The Alpha processor from the Digital Equipment Corporation (DEC) is the first non-Intel-based processor on which Linux was commercially available and is substantially different from its Intel cousins. The most significant difference is that the Alpha AXP is a Reduced Instruction Set Computer (RISC), as compared to the Intel, which is a Complex Instruction Set Computer (CISC). Without turning this book into a textbook on microprocessor design, I can simply say that the difference is that RISC has fewer instructions (the instruction set is reduced) and therefore takes more instructions to do a specific job. A CISC processor has more instructions and takes fewer instructions to do the same job.

Imagine someone told you to stand up and open the door. The CISC instruction might simply say, “Go open the door.” Using what’s built into your CPU (your brain), you know to translate this to “stand up and open the door.” On the other hand, the RISC instructions might be “Stand up. Turn left and take two paces forward. Turn right, and take three paces forward. Raise right hand, etc.” There might then be a CISC instruction that says, “Go open the window.” However, the RISC instructions might be “Stand up. Turn left, and take two paces forward. Turn left, and take three paces forward, etc.”

Not only does the CISC give fewer instructions, it also requires less logic circuitry. As a result, an Alpha AXP processor can run at higher speeds than an Intel. This does not make the Alpha AXP intrinsically faster! Take our example. I simply tell you to open the window, and you do it. However, giving you each instruction individually takes more time. One significant difference is that when the PentiumPro just broke the 200Mhz barrier, the Alphas were more than twice that.

Even if the increase in clock speed is not considered, the design of the Alpha AXP enables it to do more work per cycle. Several issues were addressed to help eliminate any aspect of the processor that would hinder multiple instruction issues. For example, there are no branch delay or skip instructions. As a result of its design, the Alpha AXP (as of this writing) can get up to 10 new instructions per cycle.

In addition, the Alpha AXP was designed to run with multiple processors, though that’s not to say that it can’t run as a single processor. The Alpha AXP was designed with several instructions that simplify adding multiple processors. Unlike other processors, this functionality was designed from the beginning and didn’t have to be built onto an existing system.

One advantage of Alpha AXP is that it doesn’t have a lot of baggage to carry around.
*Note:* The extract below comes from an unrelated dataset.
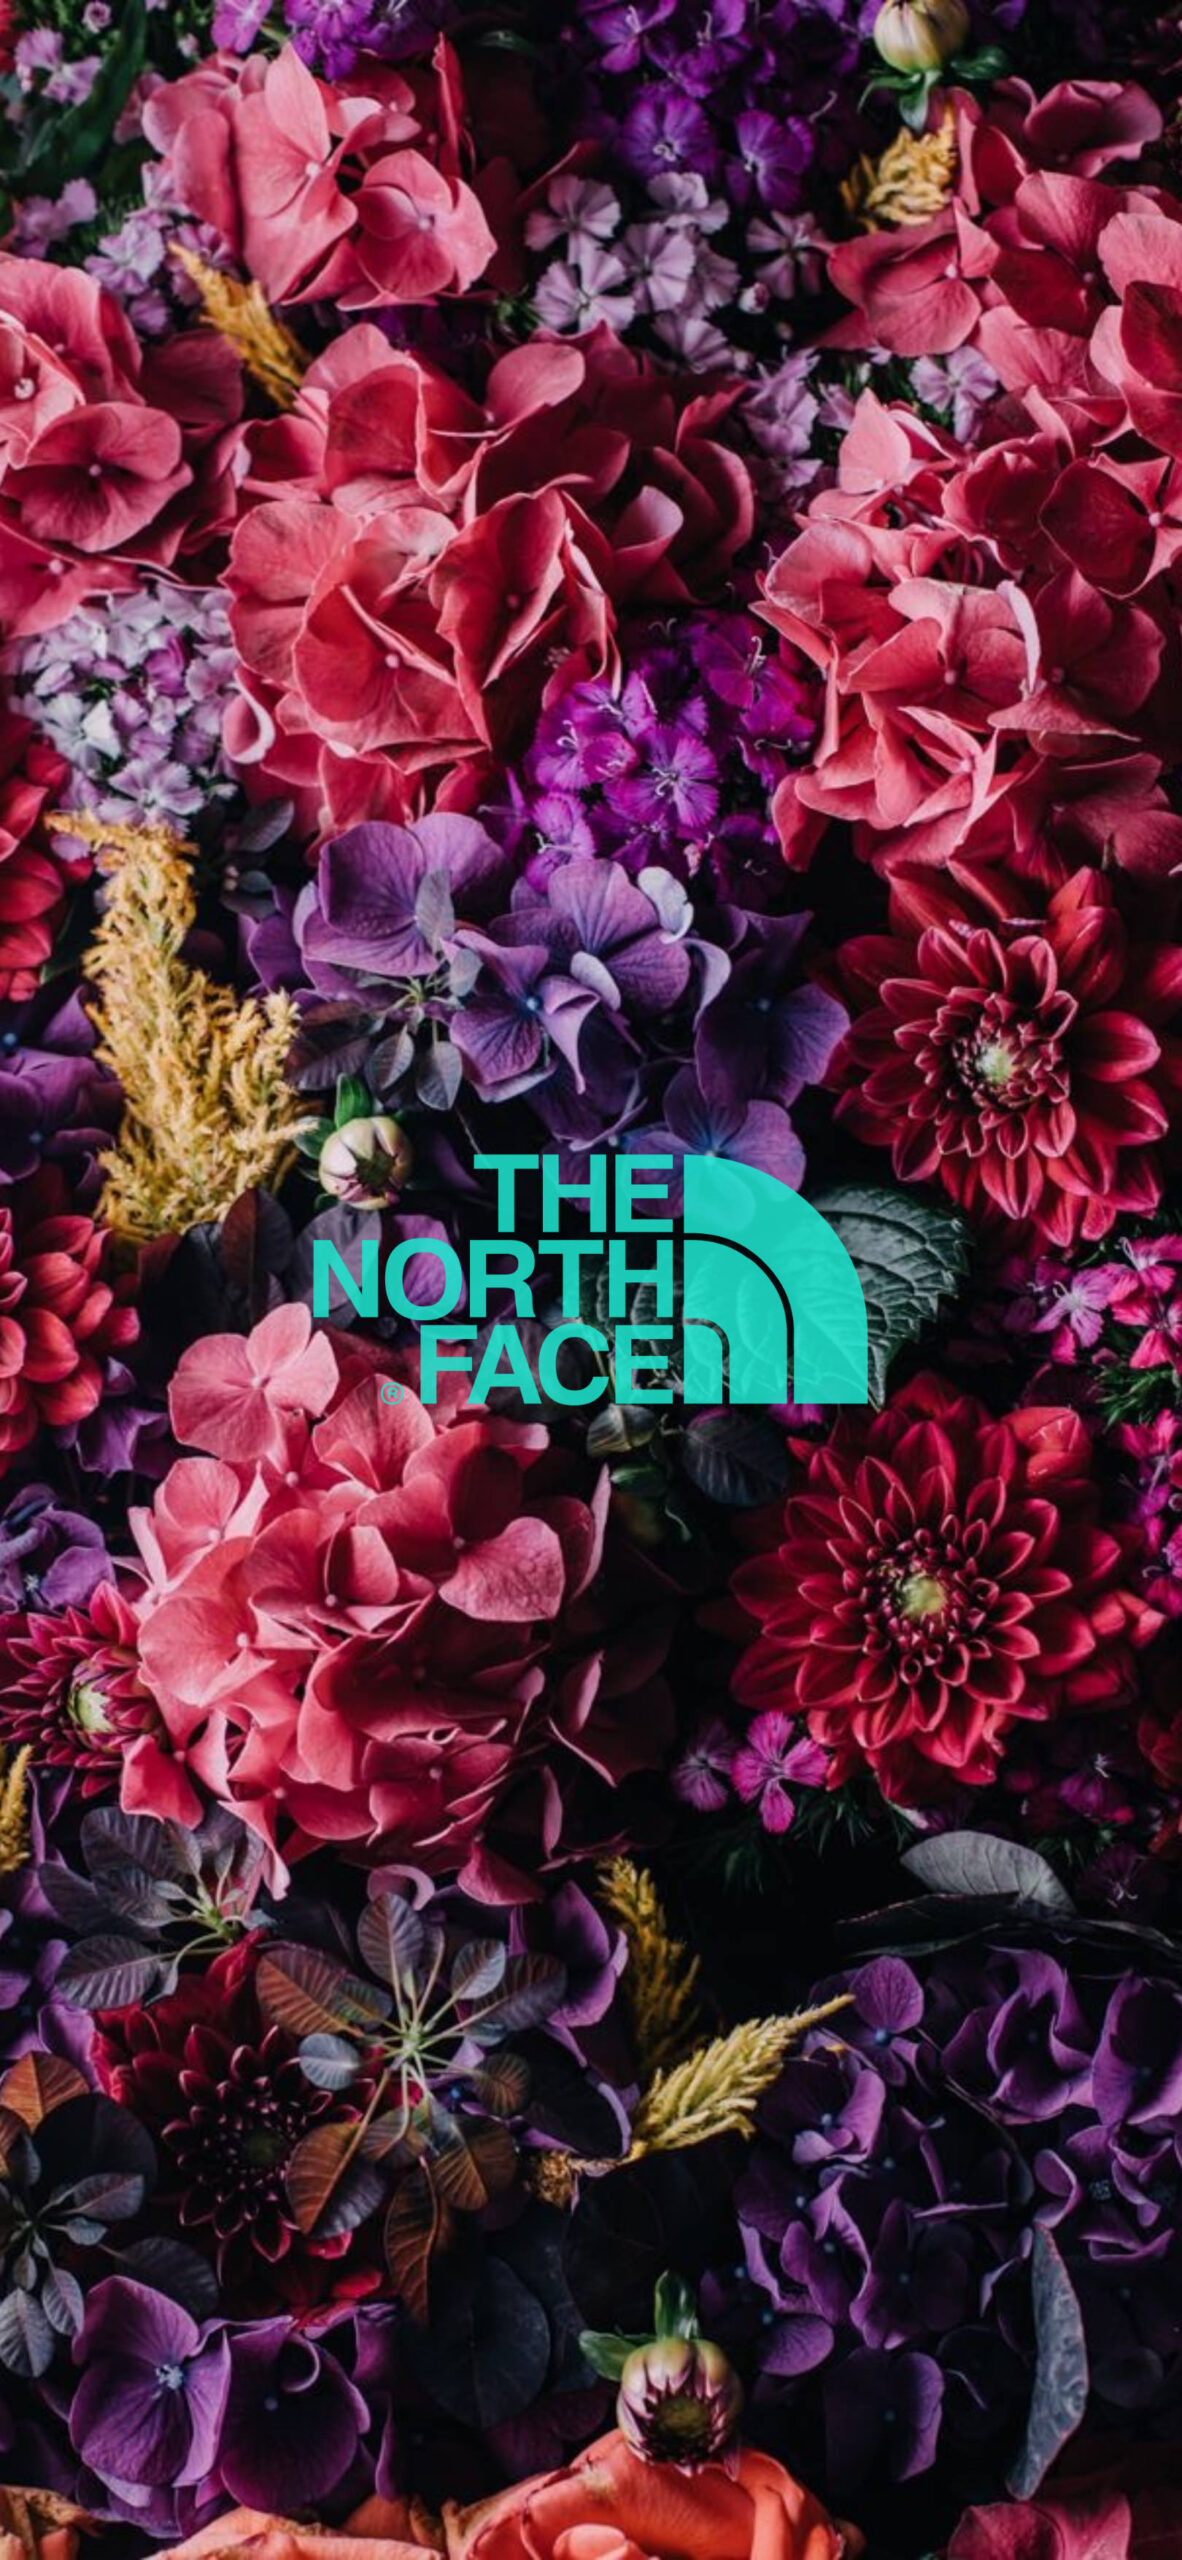 The North Face ザ ノース フェイスのおしゃれな無料高画質スマホ壁紙51枚 エモい スマホ壁紙辞典

The Intel 80×86 family is based on the 8086 and is completely backward-compatible. If you have an 8086 program, it will run on an PentiumPro. The Alpha AXP was developed with a full 64-bit architecture, although it has a few 32-bit operations for backward compatibility.

Part of the 64-bit architecture is the Alphas 64-bit virtual address space. All values (registers, addresses, integers, etc.) are operated on as full 64-bit quantities. Unlike with the Intel processors, there are no segmented addresses. In some cases, the operating system may restrict the number of bits that is used to translate the virtual address; however, at least 43 bits are used.

Like the Intel, Alphas memory protection is done on a per-page basis. The design of the paging mechanism in Intel specifies a 4KiB page, but the Alpha AXP can have 8KiB, 16KiB, 32KiB, or even 64KiB pages. In addition, the Alpha AXP also uses many-to-one page mapping, as does the Intel, so that multiple processors can have a virtual memory address that references the same page in physical memory.

The Alpha AXP architecture is a 64-bit load/store RISC architecture designed with speed in mind. All registers are 64 bits in length; 32 integer registers and 32 floating point registers. Integer register 31 and floating point register 31 are used for null operations. A read from them generates a zero value and a write to them has no effect. All instructions are 32 bits long and memory operations are either reads or writes. The architecture allows different implementations so long as the implementations follow the architecture.

There are no instructions that operate directly on values stored in memory; all data manipulation is done between registers. So, if you want to increment a counter in memory, you first read it into a register, then modify it and write it out. The instructions only interact with each other by one instruction writing to a register or memory location and another register reading that register or memory location. One interesting feature of Alpha AXP is that there are instructions that can generate flags, such as testing if two registers are equal, the result is not stored in a processor status register, but is instead stored in a third register. This may seem strange at first, but removing this dependency from a status register means that it is much easier to build a CPU which can issue multiple instructions every cycle. Instructions on unrelated registers do not have to wait for each other to execute as they would if there were a single status register. The lack of direct operations on memory and the large number of registers also help issue multiple instructions.

The Alpha AXP architecture uses a set of subroutines, called privileged architecture library code (PALcode). PALcode is specific to the operating system, the CPU implementation of the Alpha AXP architecture and to the system hardware. These subroutines provide operating system primitives for context switching, interrupts, exceptions and memory management. These subroutines can be invoked by hardware or by CALL_PAL instructions. PALcode is written in standard Alpha AXP assembler with some implementation specific extensions to provide direct access to low level hardware functions, for example internal processor registers. PALcode is executed in PALmode, a privileged mode that stops some system events happening and allows the PALcode complete control of the physical system hardware.